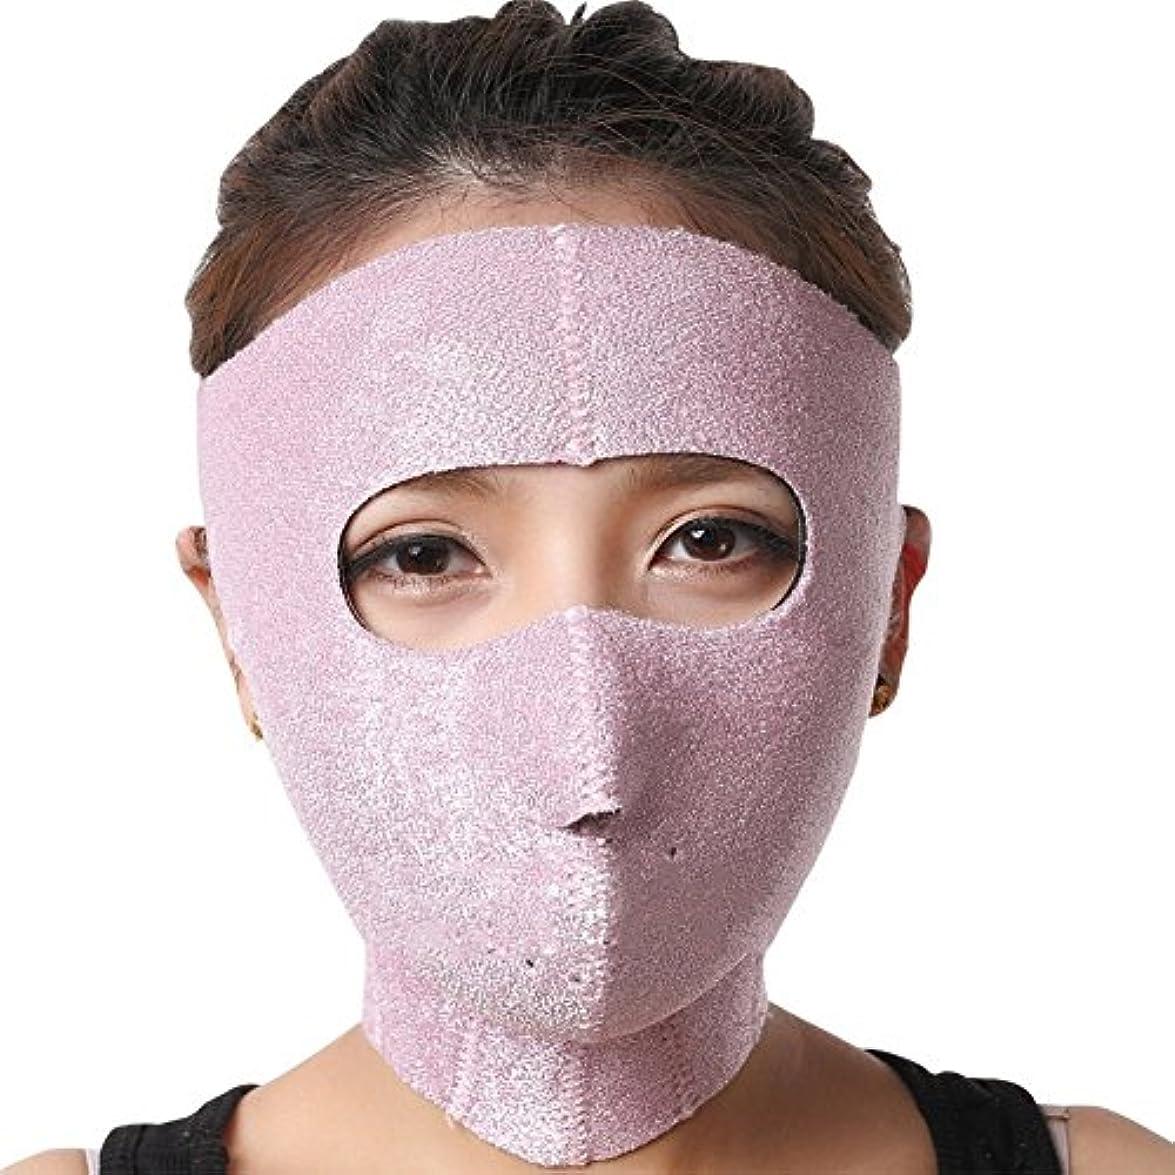 周辺エコー未払い汗だくマスク 小顔 サウナ マスク 汗 発汗 フェイス 顔 TEC-KONARUD
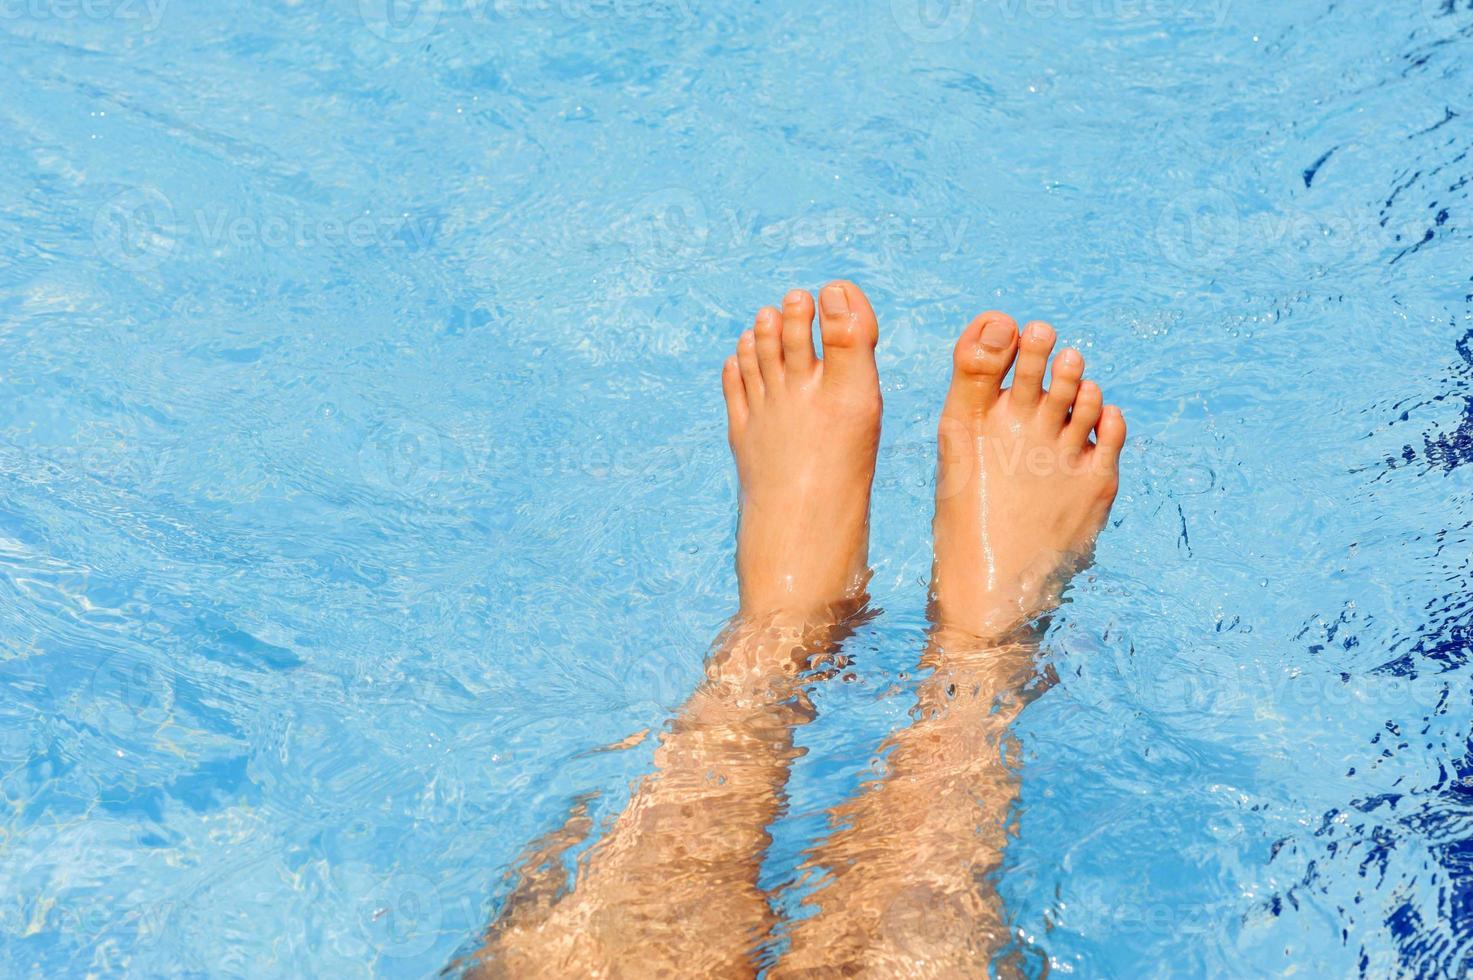 i piedi maschili galleggiano sull'acqua foto
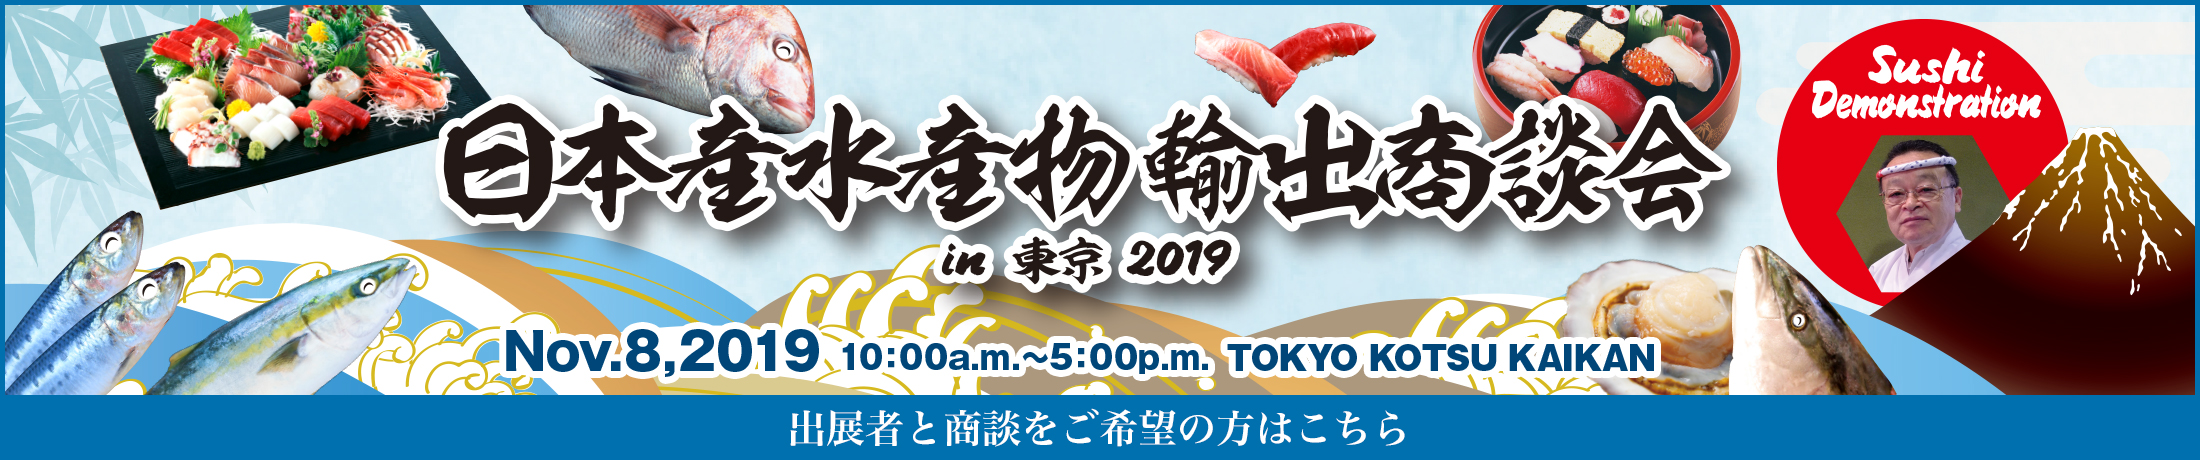 日本産水産物輸出商談会㏌東京2019
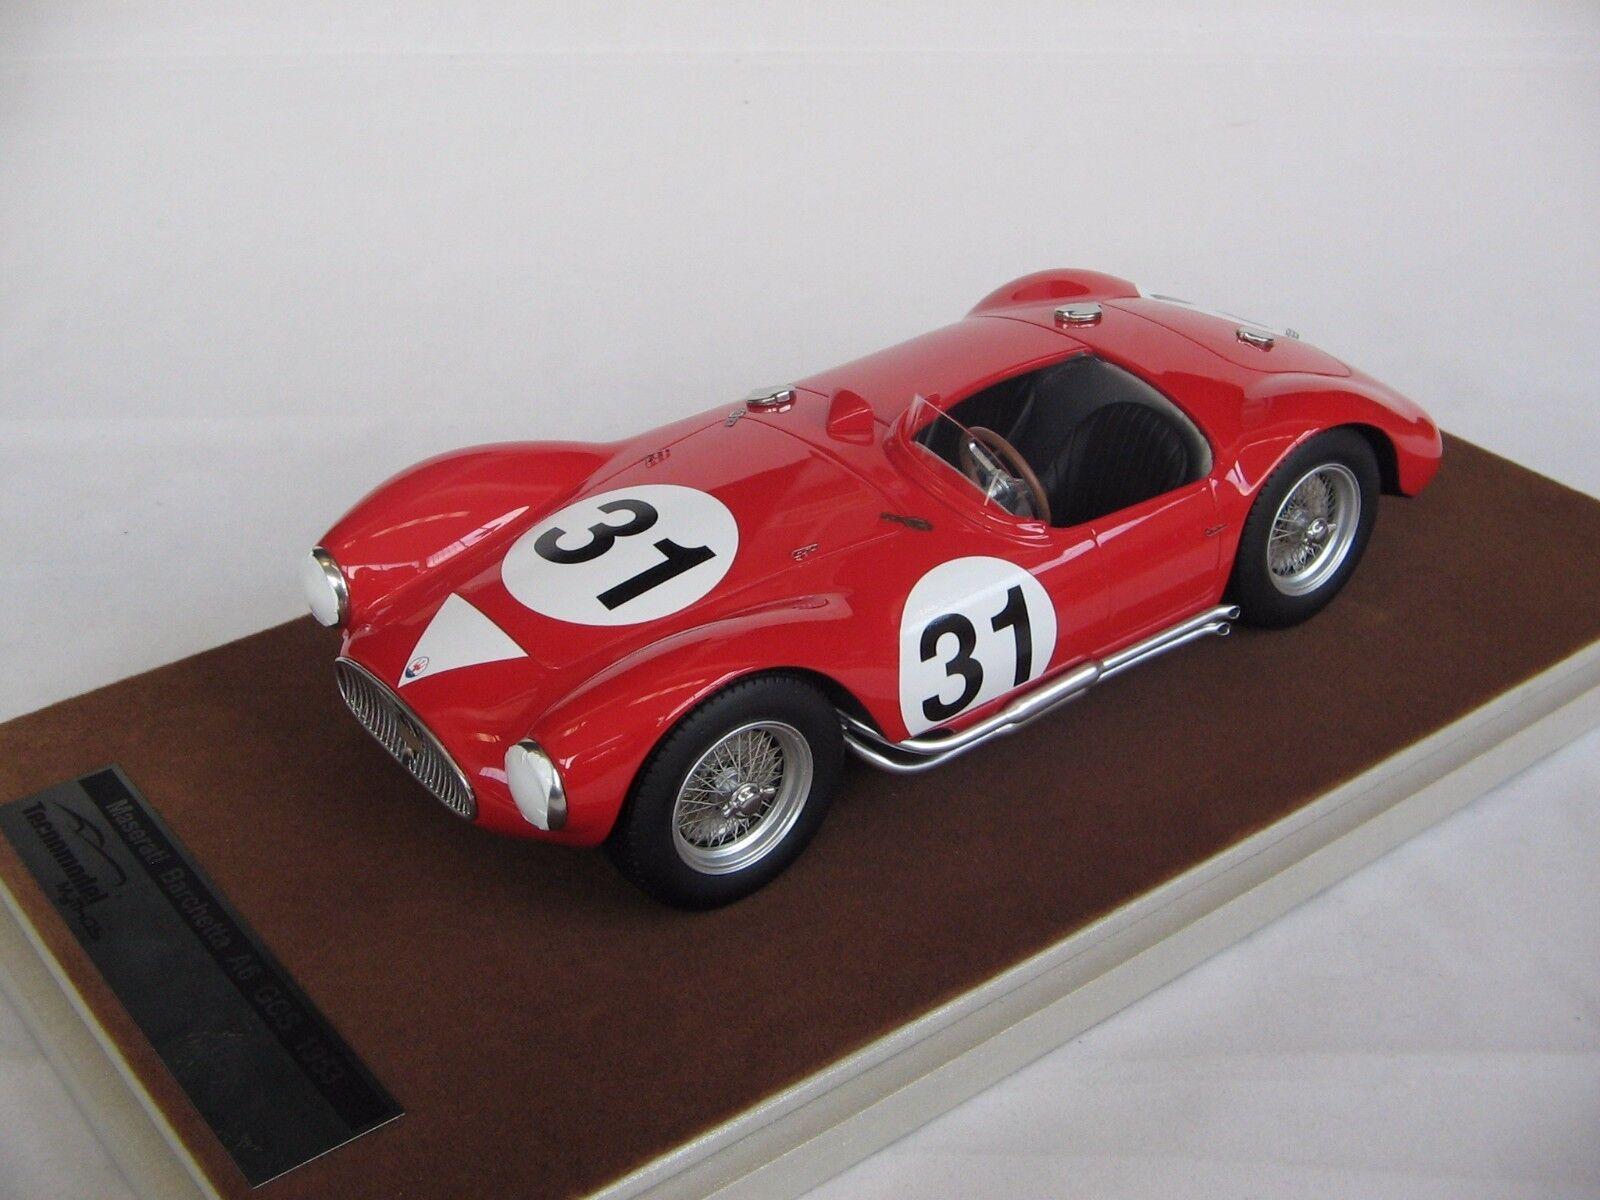 1 18 scale Tecnomodel Maserati A6 GCS Le Mans 24h 1955 car  31 - TM18-44D

---------------

What you print must be exactly the lines from the one containing "i piedi maschili galleggiano sull'acqua foto" through the last line of the material, and no pictures.

 i piedi maschili galleggiano sull'acqua foto
 日本産水産物輸出商談会㏌東京2019
 1 18 scale Tecnomodel Maserati A6 GCS Le Mans 24h 1955 car  31 - TM18-44D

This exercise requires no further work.